But on June 19, President Donald Trump issued another Executive Order, replacing the Ocean Policy with one that conspicuously leaves out this disaster, and instead focuses on economy, security, and energy, as well as “streamlining” current policies. It places strong responsibility on states to take action and eliminates the requirement for involving indigenous groups in decision making.
How this latest act will materialize remains unclear. “The devil is in the details and in the implementation,” says Margaret Spring, chief conservation officer of Monterey Bay Aquarium.
But the EO follows a shift away from environment to economy. “Our U.S. ocean policy has really changed from one that was focused on stewardship of our valuable and vulnerable ocean life to resource use and extraction,” says Alison Chase, senior policy analyst in the Oceans Division for the Natural Resources Defense Council.
What's more, the order eliminates the inclusivity of indigenous voices in decision making. “The people who are on the front lines of climate change are indigenous peoples,” says Kelsey Leonard, tribal co-lead of the former Mid-Atlantic Regional Planning Body. “So the removal of language that references climate change—not only in this executive order, but throughout this administration—is an affront to tribal sovereignty.”
Where Did the National Ocean Policy Come From?
For decades, humans have seen the ocean as an endless resource—and an easy place to hide our messes. We have dumped our waste in its watery depths, from industrial and radioactive materials to municipal trash and sewage sludge. We've harvested its many residents, causing near collapse of many food webs. We've traversed its surface to the point that its animals are in need of earplugs.
The 2010 EO drew attention to this precarious situation. Though it was sparked by the Deepwater Horizon spill, it came after a decade of study initiated by the Oceans Act of 2000, which updated the outdated 1969 Stratton Commission report on the oceans that, among other things, established the National Oceanic and Atmospheric Administration.
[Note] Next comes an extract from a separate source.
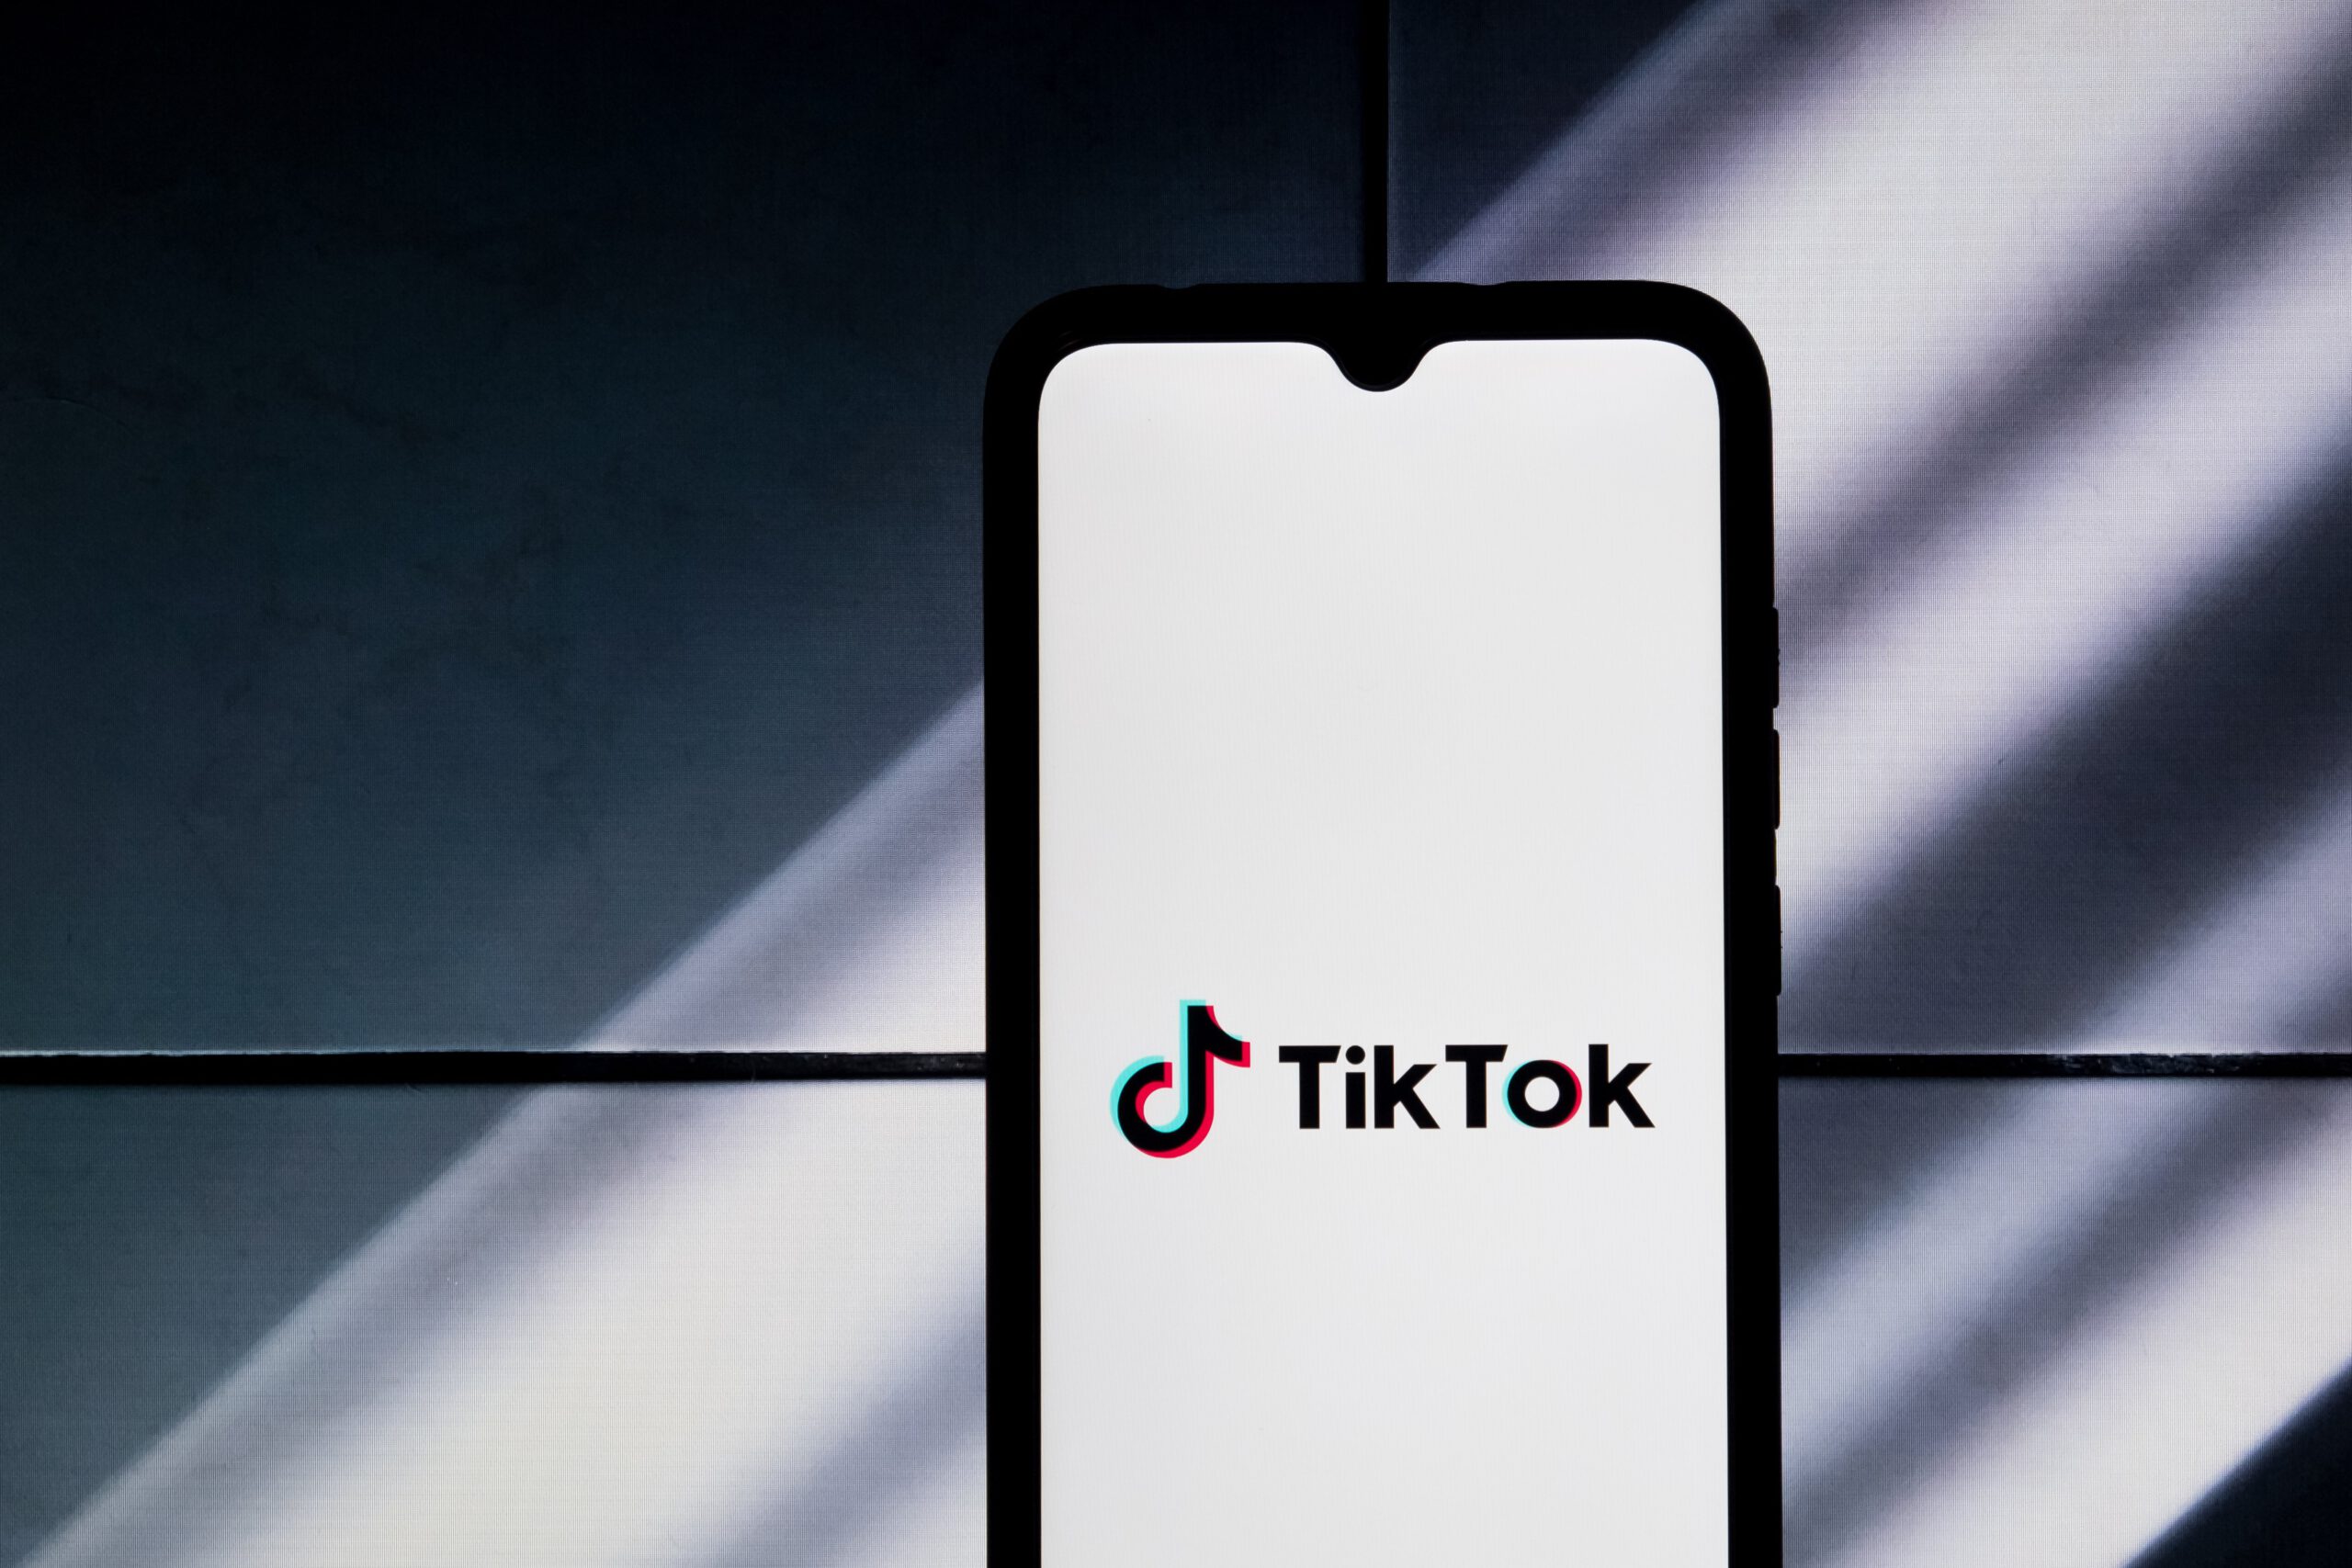 Phone displaying the TikTok logo.

The Oceans Act was an effort to “modernize” this policy, says Spring, who was instrumental in penning the bill. Under the new law, then-President George Bush appointed members to form the U.S. Commission of Ocean Policy, which included industry representatives. Along with the Pew Ocean Commission—a conservation-focused initiative—the duo was tasked with figuring out what needed to be done for the deep blue sea.
“In the end what was remarkable was that both reports were entirely consistent in their recommendations,” says Spring. And the National Ocean Policy was intended to make those recommendations a reality.
Among its priorities was the need for coordination between state and federal agencies in marine decision making. It also embraced the idea of protecting whole ecosystems, “with the recognition of the fact that fish aren't just staying in one area offshore,” says Chase.
Experts are concerned that the latest EO largely ignores the important balance between the many groups clamoring for their chance in the waves—oil interests, renewable energy, indigenous rights, coastal community needs, recreational fishing, and more. But for industry and economy to flourish, warns Chase, you must have a healthy ocean.
In an interest of streamlining, the order eliminates the framework established to help agencies balance this multitude of interests and navigate the inevitable “bureaucratic knots” between agencies, says Rosenberg. But this move is unlikely to have its intended result: “What I would predict is it will make it more difficult for agencies to work together rather than less,” he says.
As Chase explains, the new order abolishes regional planning bodies, which have been working with the federal government to manage local waters. The new order “takes all the responsibility and foists it on the states,” she says.
The states now must organize and invite the federal bodies to participate. And Chase notes, at a recent Northeast Regional Planning Body meeting—held just days after the new EO was signed—there was some discussion that federal participation may now be limited. As Chase explains: The federal government could help with implementation “except in efforts to identify important ecological areas.”
Federal and state agencies have made a lot of progress in this area, she says. “So it's particularly disappointing to see them walk away from that.”
There is also no longer a requirement to have tribal or indigenous group representatives on any newly formed committees. “The level of coordination and involvement and equity of decision making for indigenous peoples in this process was unprecedented around the world,” says Leonard, who served on the planning body on behalf of the Shinnecock Indian Nation. “And that no longer exists. It was stripped with one stroke of the pen.”
Leonard sums up her reaction to the order in one word: “disappointment.”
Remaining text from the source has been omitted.